— What to do —
Print each record exactly as it appears, but drop the images.

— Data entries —
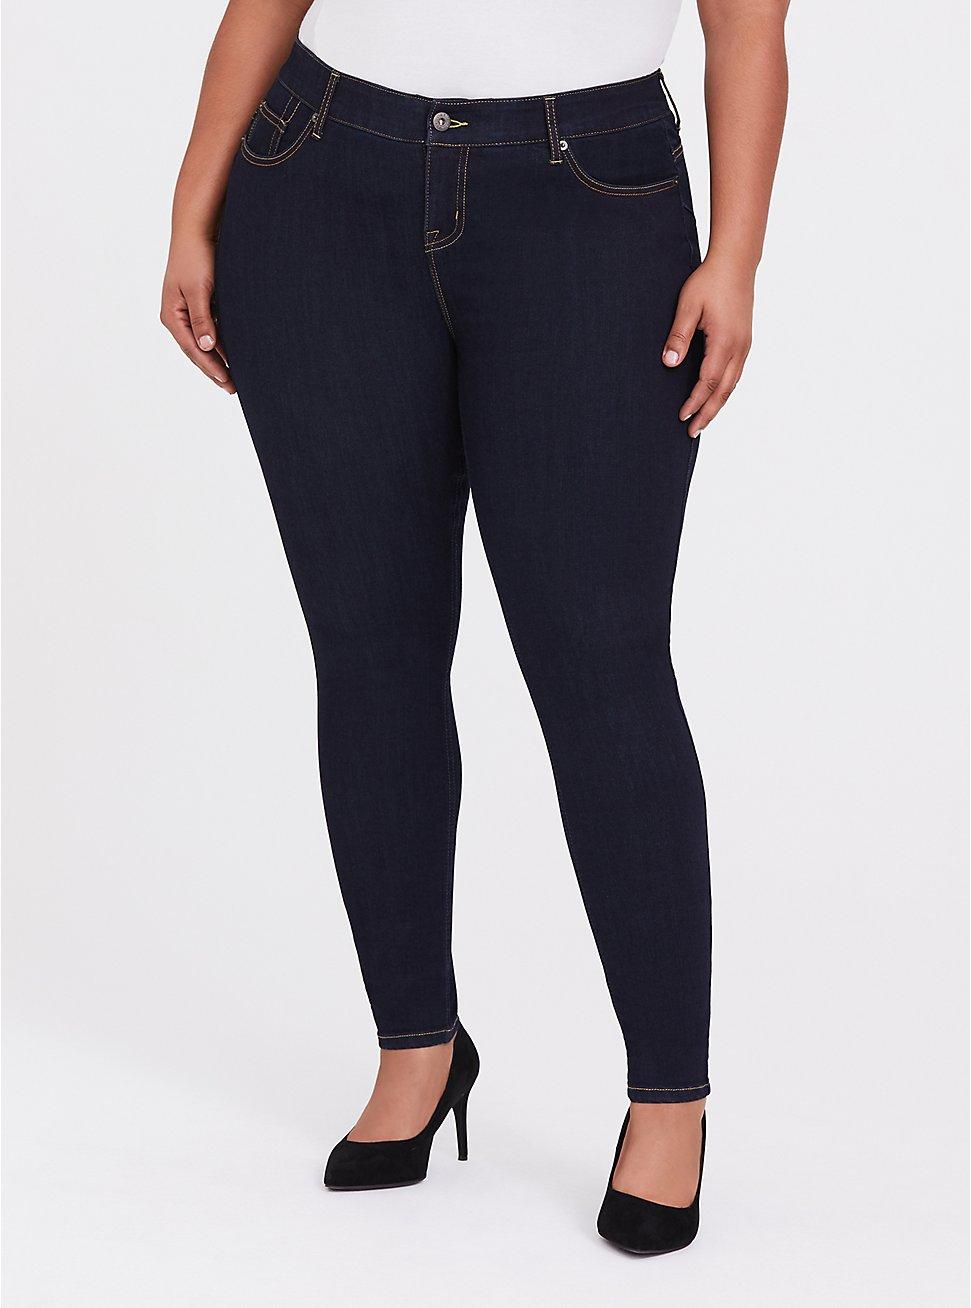 Bombshell Skinny Jean - Premium Stretch Dark Wash, , hi-res
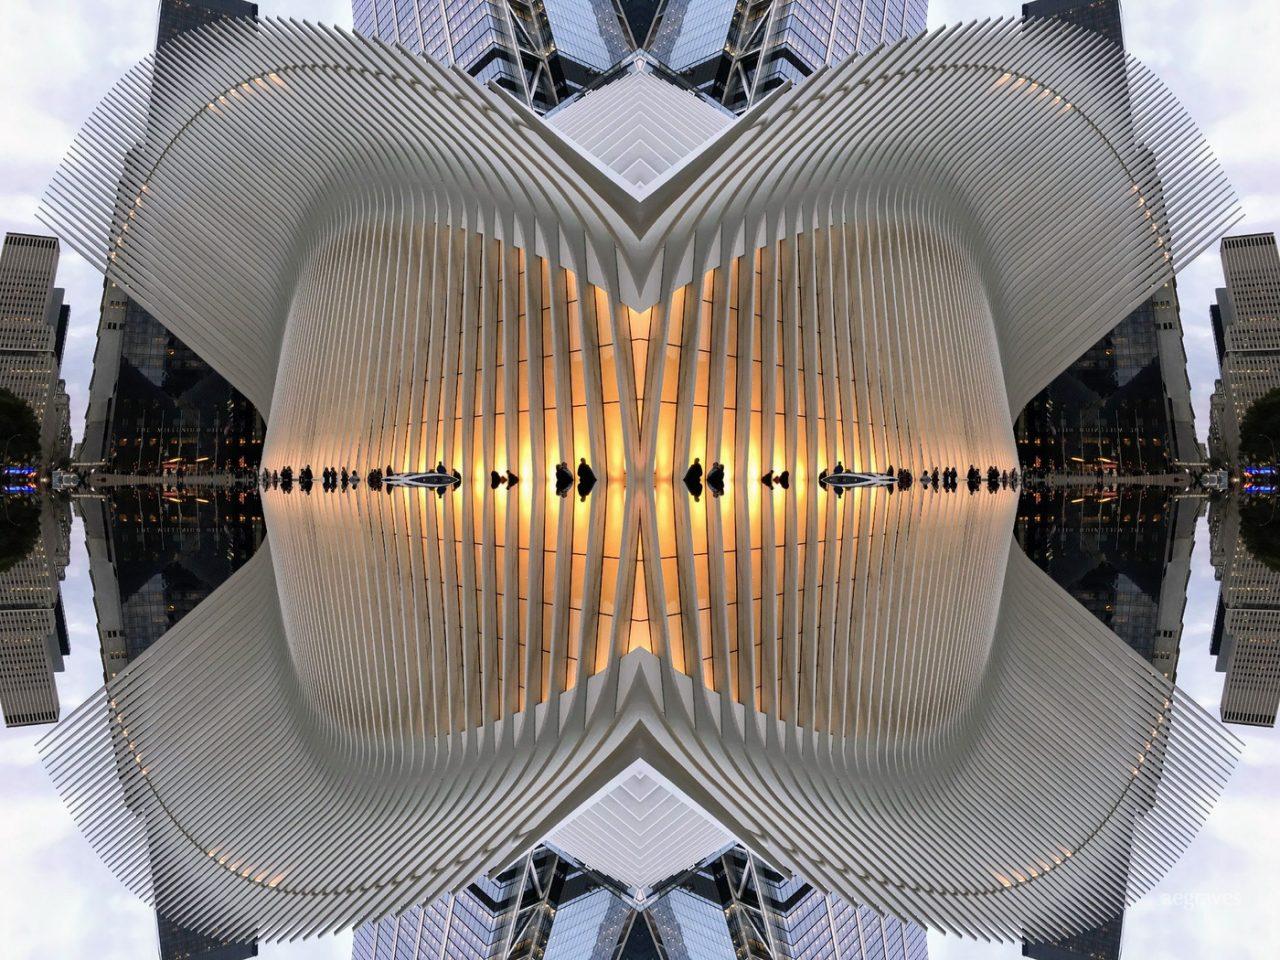 Interpretations of the WTC Oculus Building
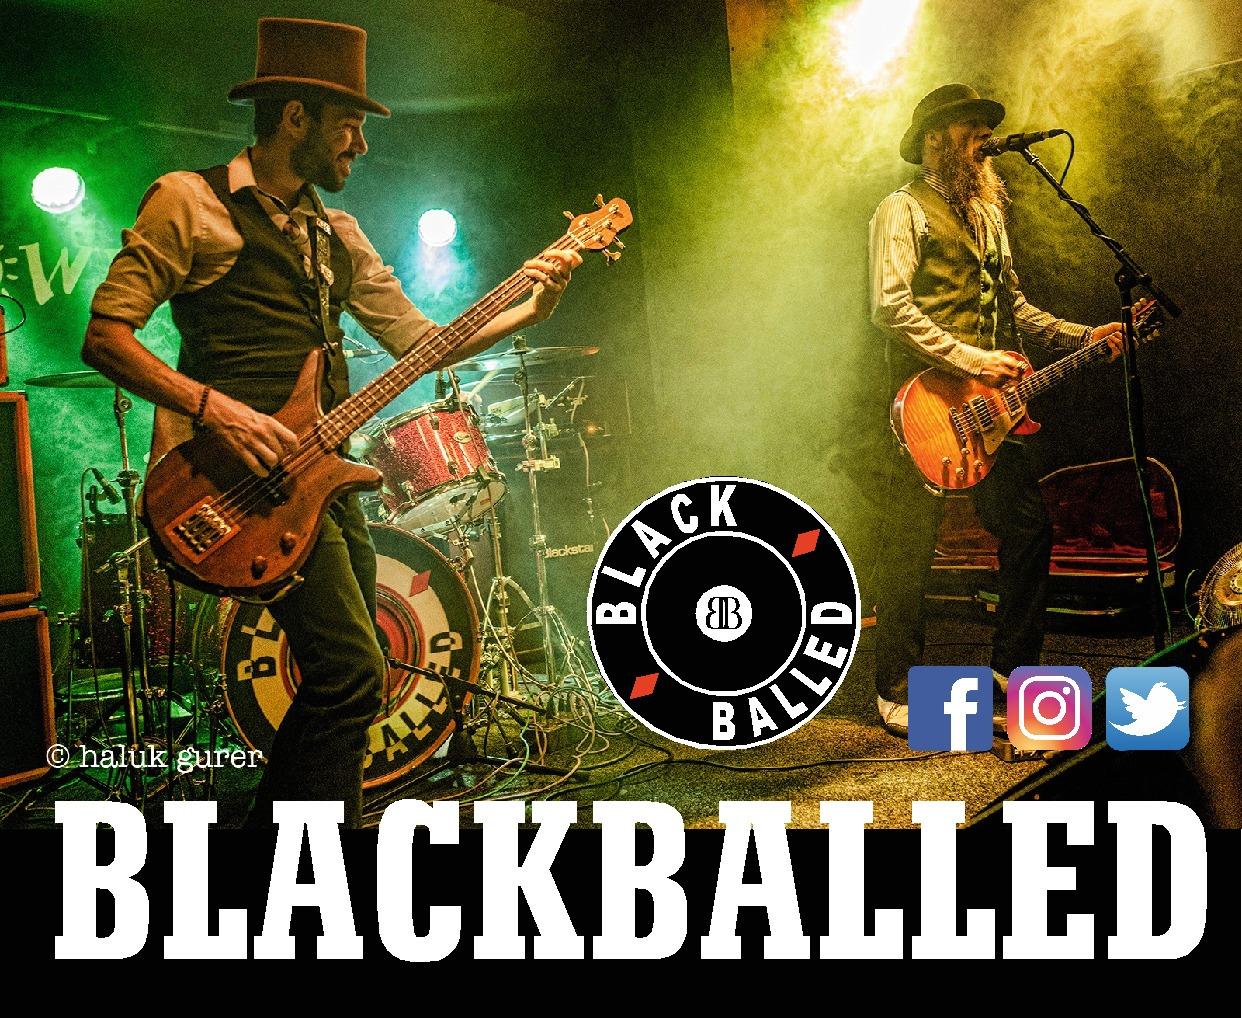 Blackballed at The Palladium Club
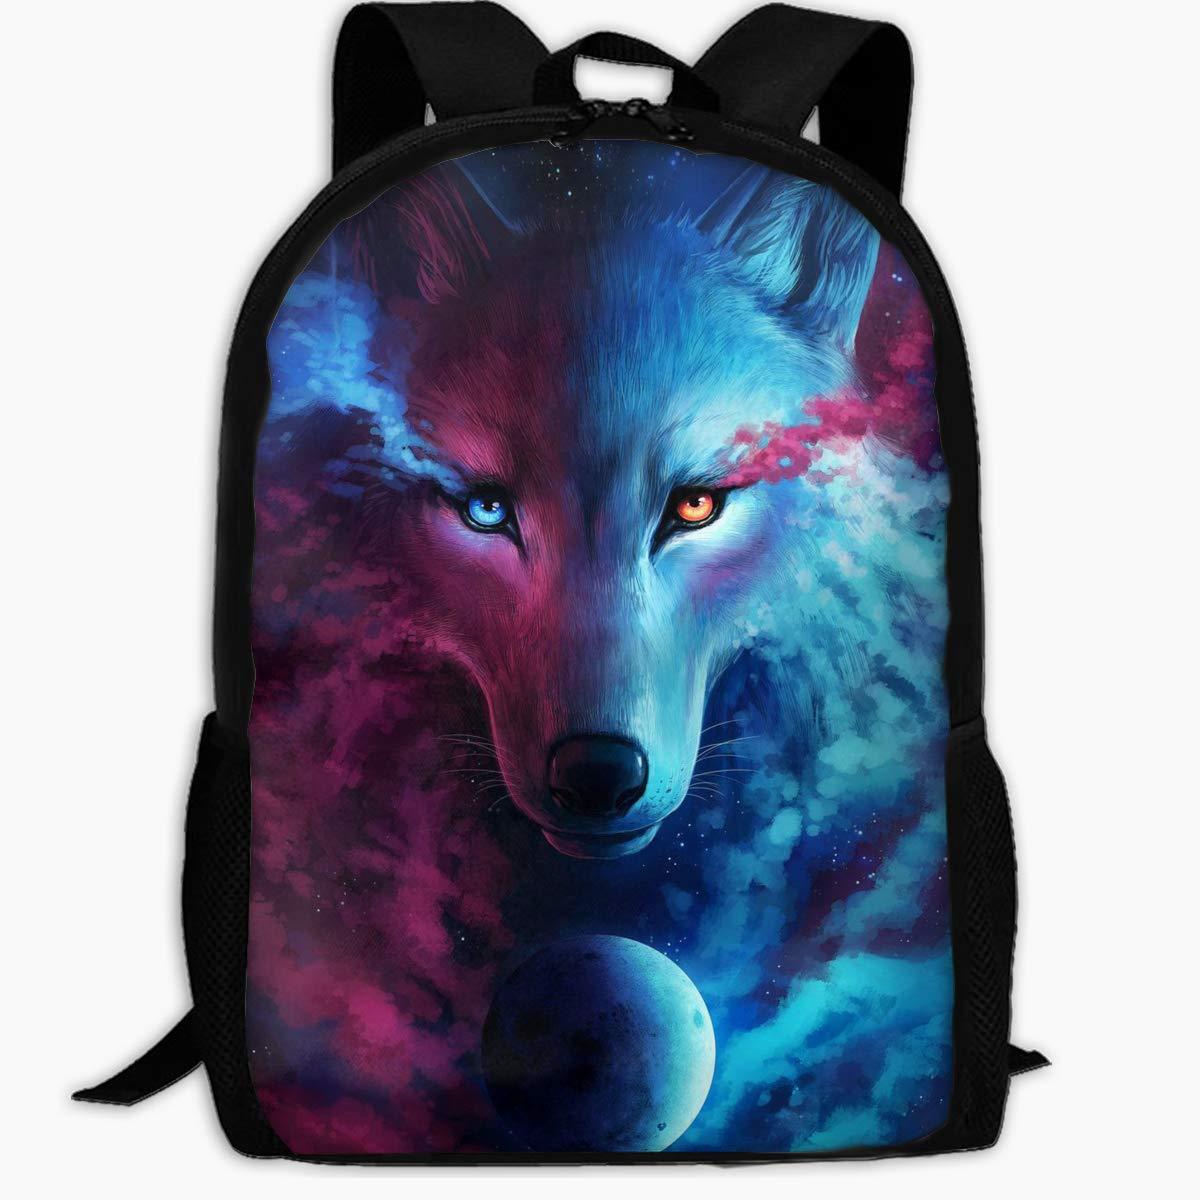 Duwamesva カジュアルバックパック - 美しい温かみと冷たい狼のプリント ジッパー スクールバッグ 旅行 デイパック ノートパソコン バックパック 女の子 男の子   B07H788WSH
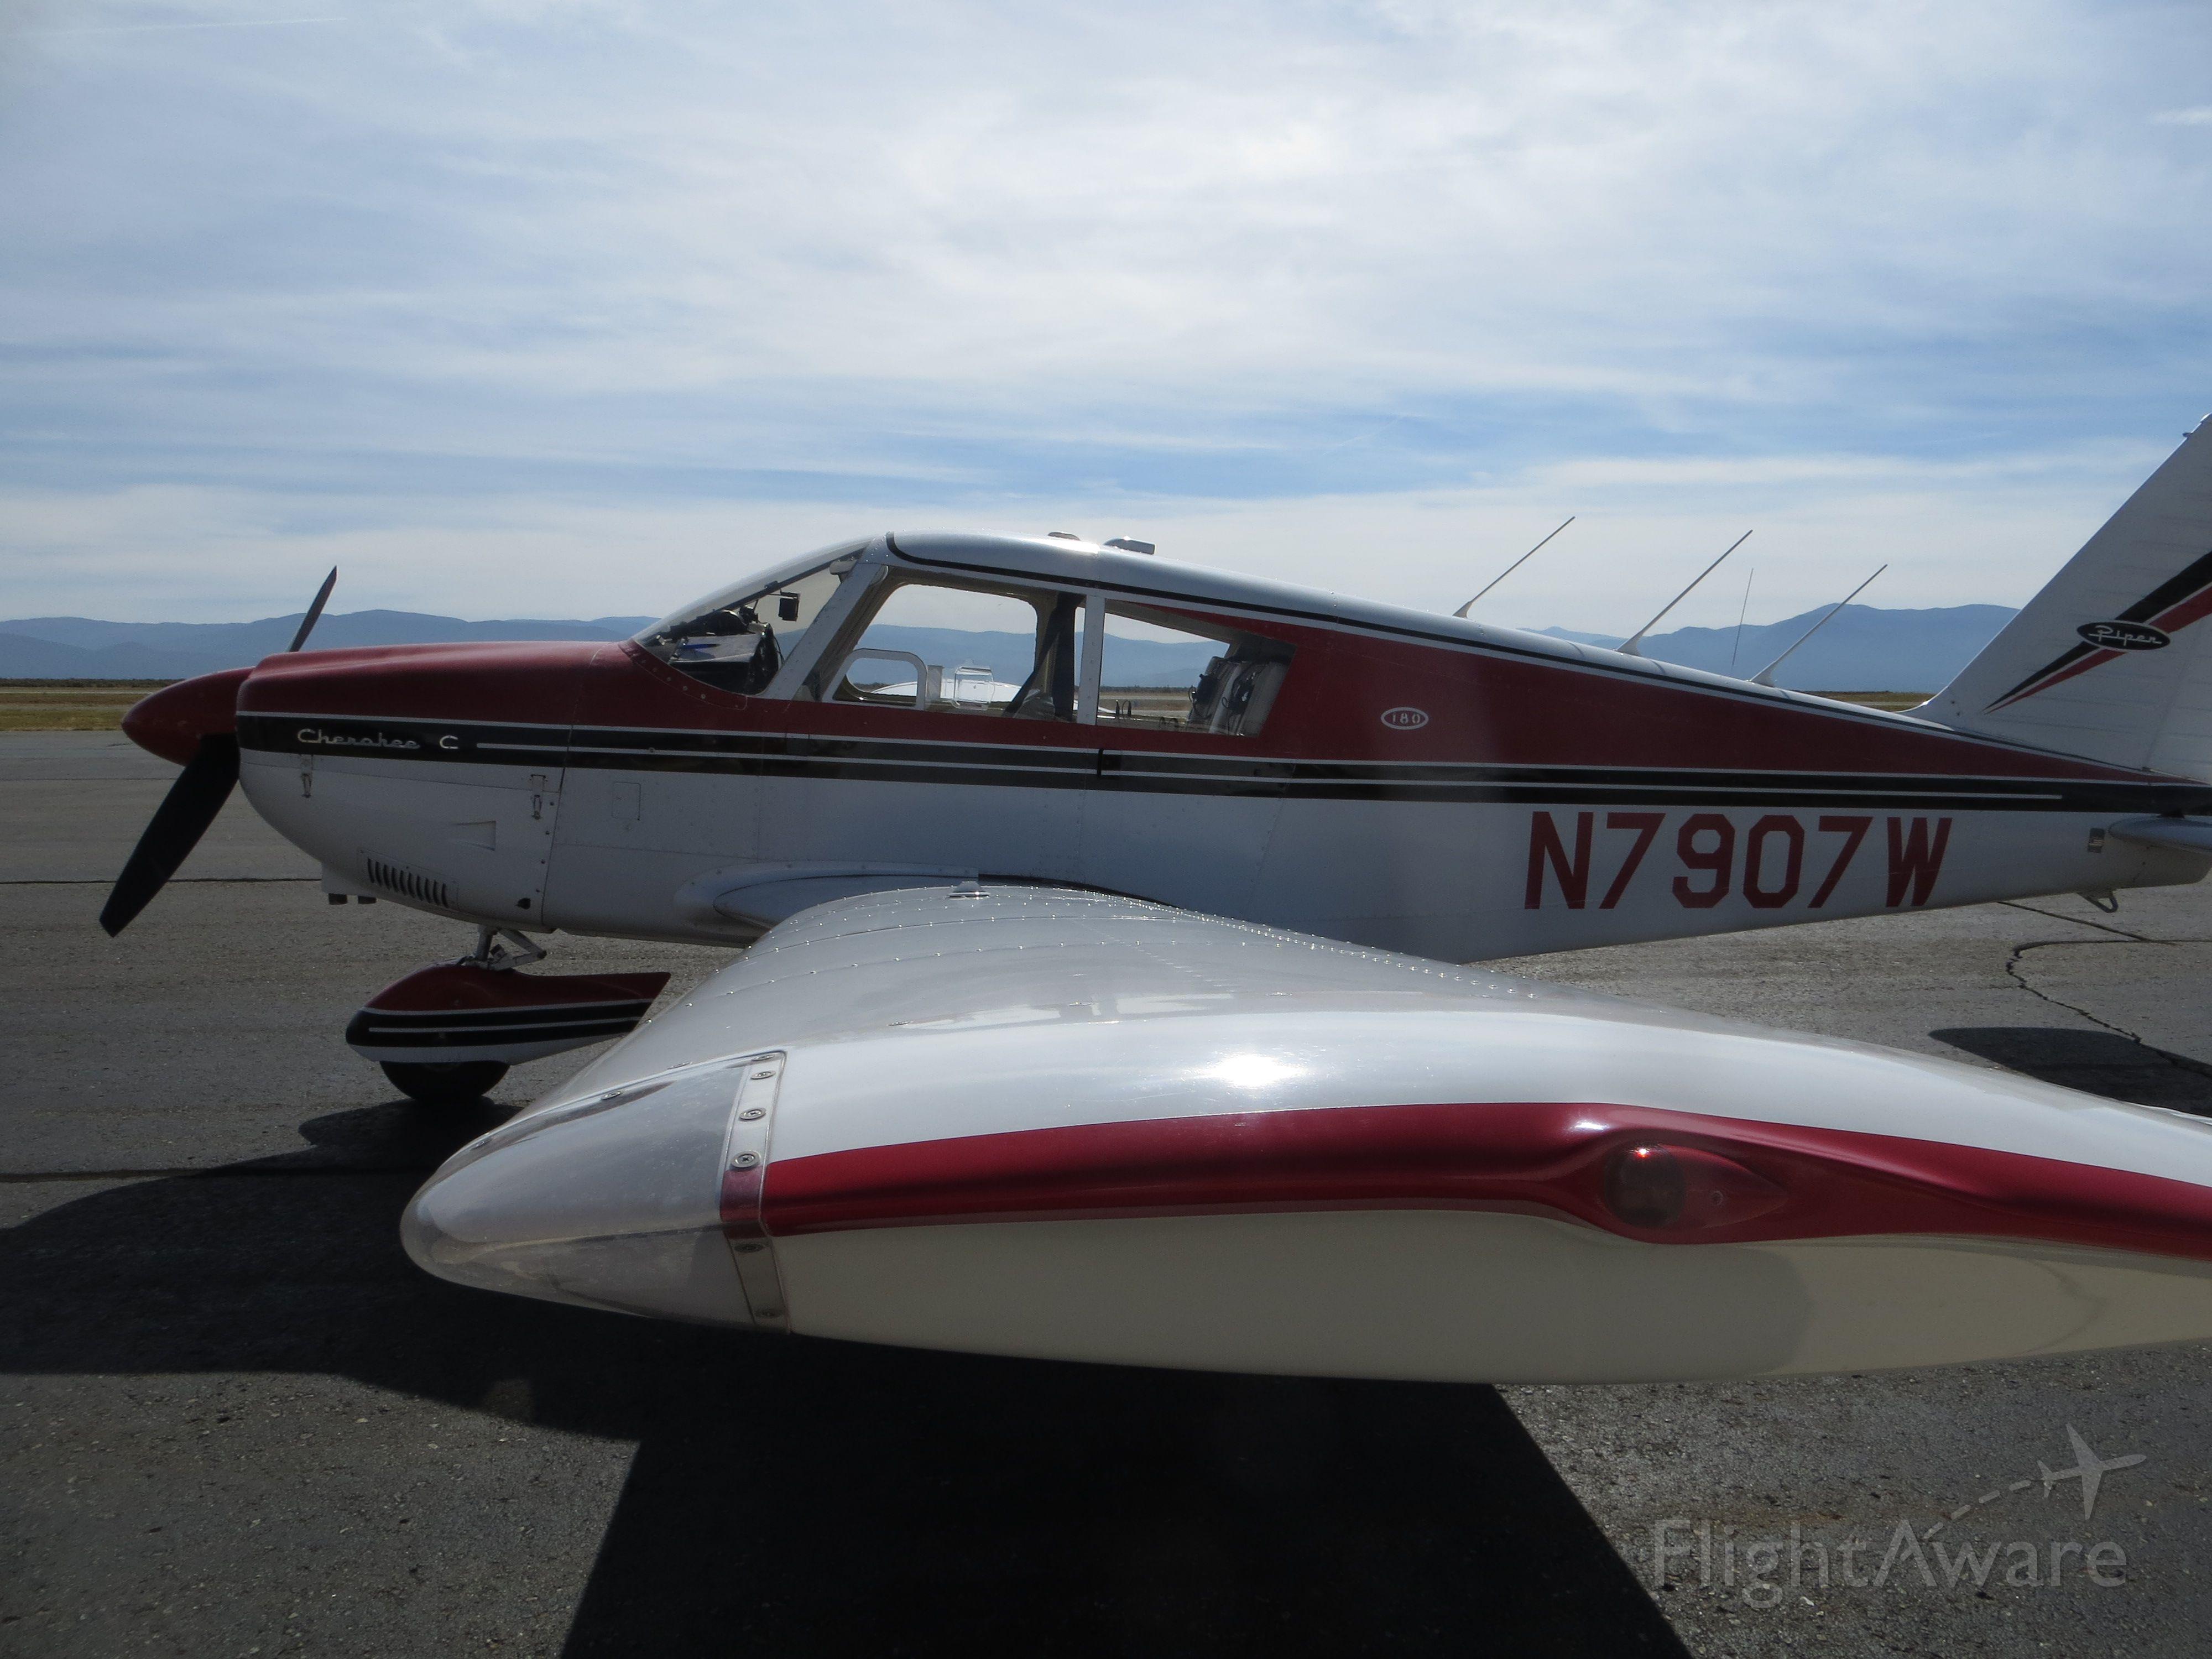 Piper Dakota / Pathfinder (N7907W)

— Problem solution —
 Bombshell Skinny Jean - Premium Stretch Dark Wash, , hi-res
 Interpretations of the WTC Oculus Building
 Blackballed at The Palladium Club
 Duwamesva カジュアルバックパック - 美しい温かみと冷たい狼のプリント ジッパー スクールバッグ 旅行 デイパック ノートパソコン バックパック 女の子 男の子   B07H788WSH
 Piper Dakota / Pathfinder (N7907W)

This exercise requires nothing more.